Standards As Database

This article was originally published on LinkedIn, April 12, 2025: https://www.linkedin.com/pulse/future-science-standards-should-database-tom-regan-bpyde/.

Incredibly, it’s already been 12 years since the release of the Next Generation Science Standards (NGSS)[1] in 2013.

The standards preceding the NGSS were released in 1996, 17 years before the release of the NGSS. On that schedule, the next set of standards would be released in 2030—only five years from now! It’s not too soon to start thinking about them. The NGSS is expressed in pdfs and as a searchable database, but I think that future standards should be expressed as a user-configurable relational database. To understand why, it is necessary to understand the architecture of the NGSS, which I assume that future standards will share.

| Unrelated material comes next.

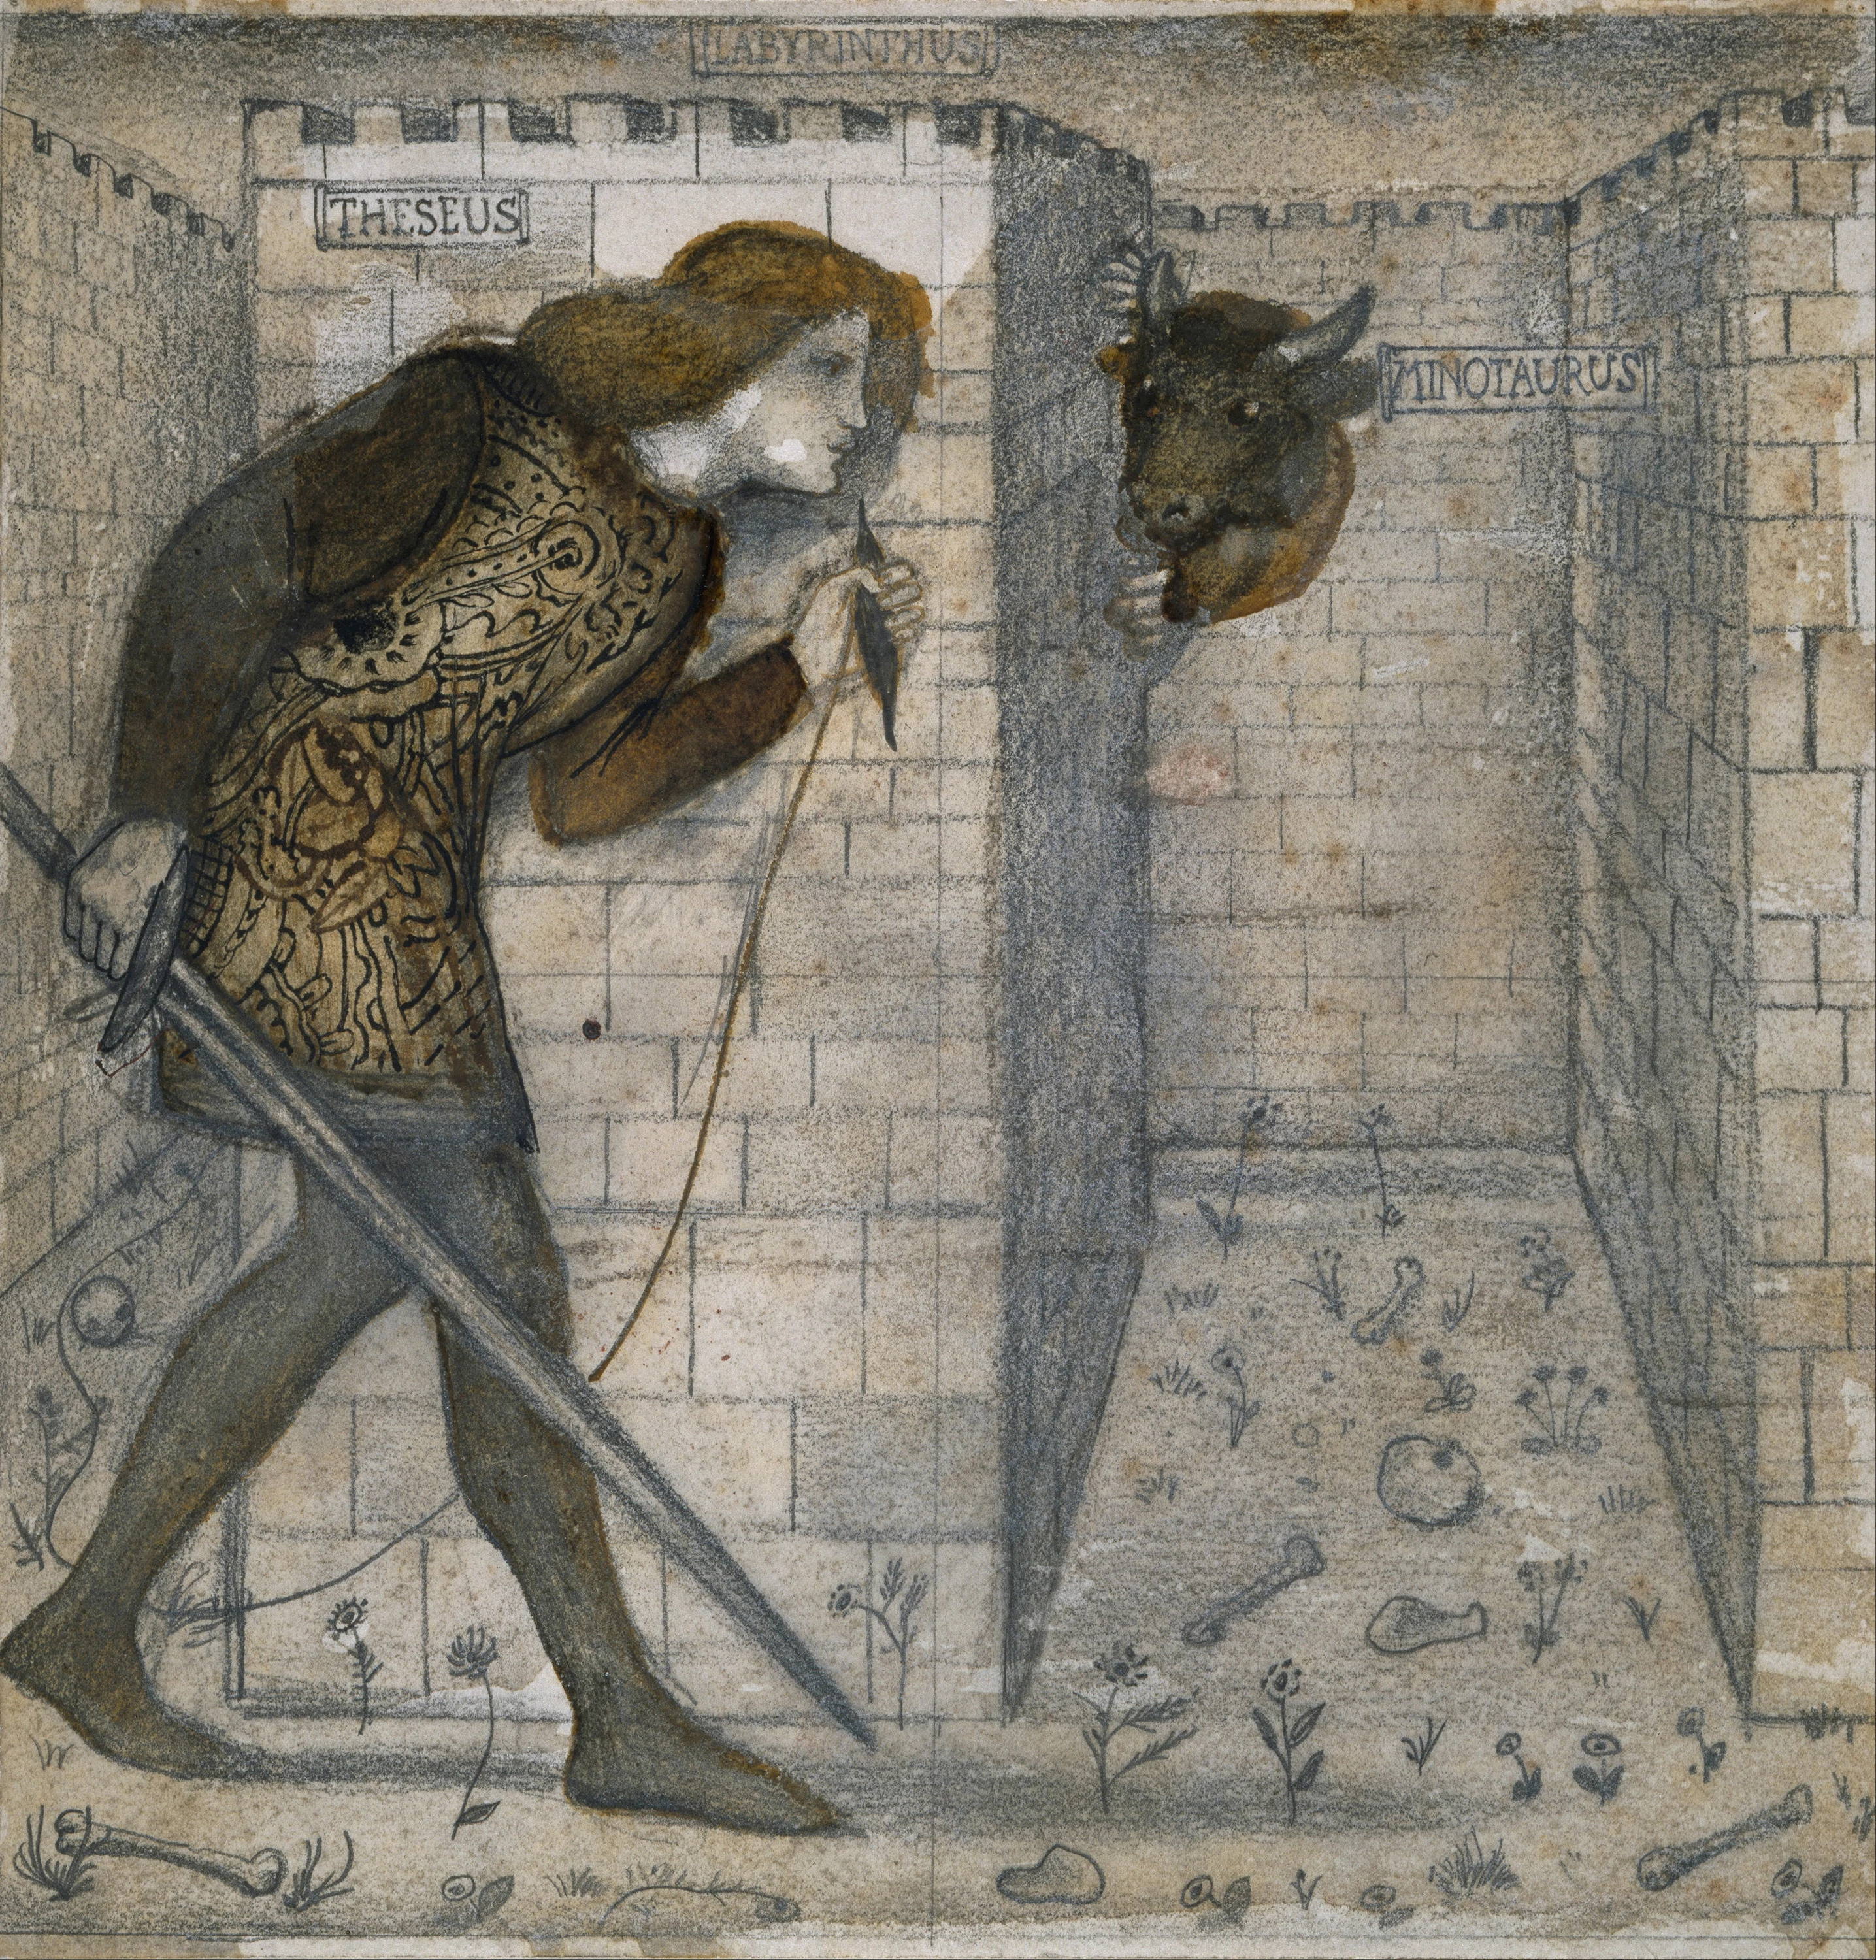 Theseus and the Minotaur, Edward Burne-Jones

An NGSS standard is built from three fundamental components: the science content, a science practice (what the student should be able to do with the content), and the overarching science concept. For example, the standard “Plan an investigation to provide evidence that the change in an object’s motion depends on the sum of the forces on the object and the mass of the object” is built from the science content Forces and Motion, the practice Planning and Carrying Out Investigations, and the concept Stability and Change.

Right away we see an argument for a database. The NGSS consists of three objects linked to make a fourth object. Objects and links are the essence of a database. If the NGSS’ architecture mirrors a database, then it ought to be expressed as a database.

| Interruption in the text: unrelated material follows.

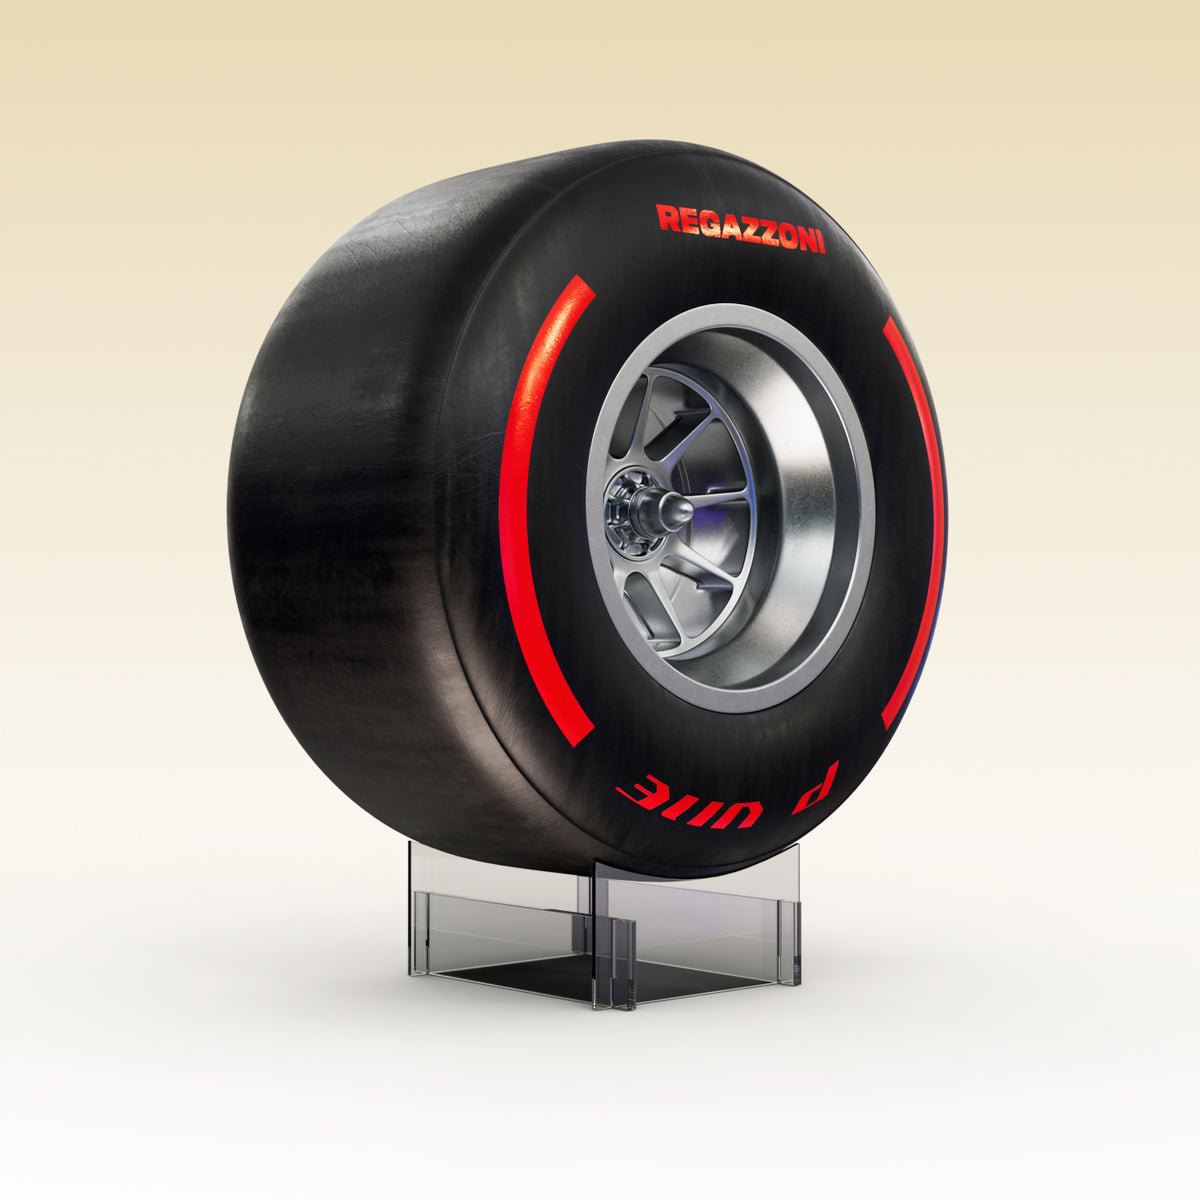 REGAZZONI Tyre - Pneu décoratif inspiré de la F1

Another reason for expressing the standards as a database is to facilitate working with the fundamental components if desired. For example, the intent of the NGSS is that test questions be linked to standards. However, a user might want to link test questions to a component. A few questions aligned directly to science content might make a quick, useful classroom comprehension check. A database makes this easy–you just define new links.

A final reason that future standards should be expressed as a user-configurable database is to empower the user to define new standards. The NGSS contains 208 standards, but the fundamental components support many more than that.[2] Users may wish to explore this unused “standard space.” Within a database, not only can new standards be readily defined, but they can also be linked to test questions, lesson plans, and so forth.

I acknowledge that a database isn’t like a word document that you simply type up and email, so I will try to make my point more precisely: Future science standards should facilitate giving end users the capabilities of a database. Maybe that’s a matter of freely distributing the database tables, but then the end user would have to build a front end. Maybe it’s really a discussion about hosting. The best implementation will have to be worked out.

The NGSS’s great contribution was to build student expectations upon a structure of underlying, scientifically meaningful components. To take full advantage of this structure, future standards should be expressed as a user-configurable relational database.


[1] NGSS Lead States. 2013. Next Generation Science Standards: For States, By States. Washington, DC: The National Academies Press. https://www.nextgenscience.org/

[2] The fundamental components of content in the NGSS seem to be the bulleted statements in a Disciplinary Core Idea; see here, in the orange box: https://www.nextgenscience.org/dci-arrangement/ms-ps2-motion-and-stability-forces-and-interactions. I counted the bulleted statements in Physical Science and got an average of about 9. There are 44 DCI so there are about 9 times 44 DCI = roughly 400 bulleted statements. Similarly, there are bulleted statements for the Science Practices (https://www.nextgenscience.org/sites/default/files/resource/files/Appendix%20F%20%20Science%20and%20Engineering%20Practices%20in%20the%20NGSS%20-%20FINAL%20060513.pdf). I counted 166. There are 7 overarching concepts.  The number of combinations is 400 x 166 x 7 = 464,800, where each combination is a potential standard. Some of these will be intrinsically untenable, and one might dispute how I used the bullets. Still, I’m confident that there are many useful standards waiting to be defined.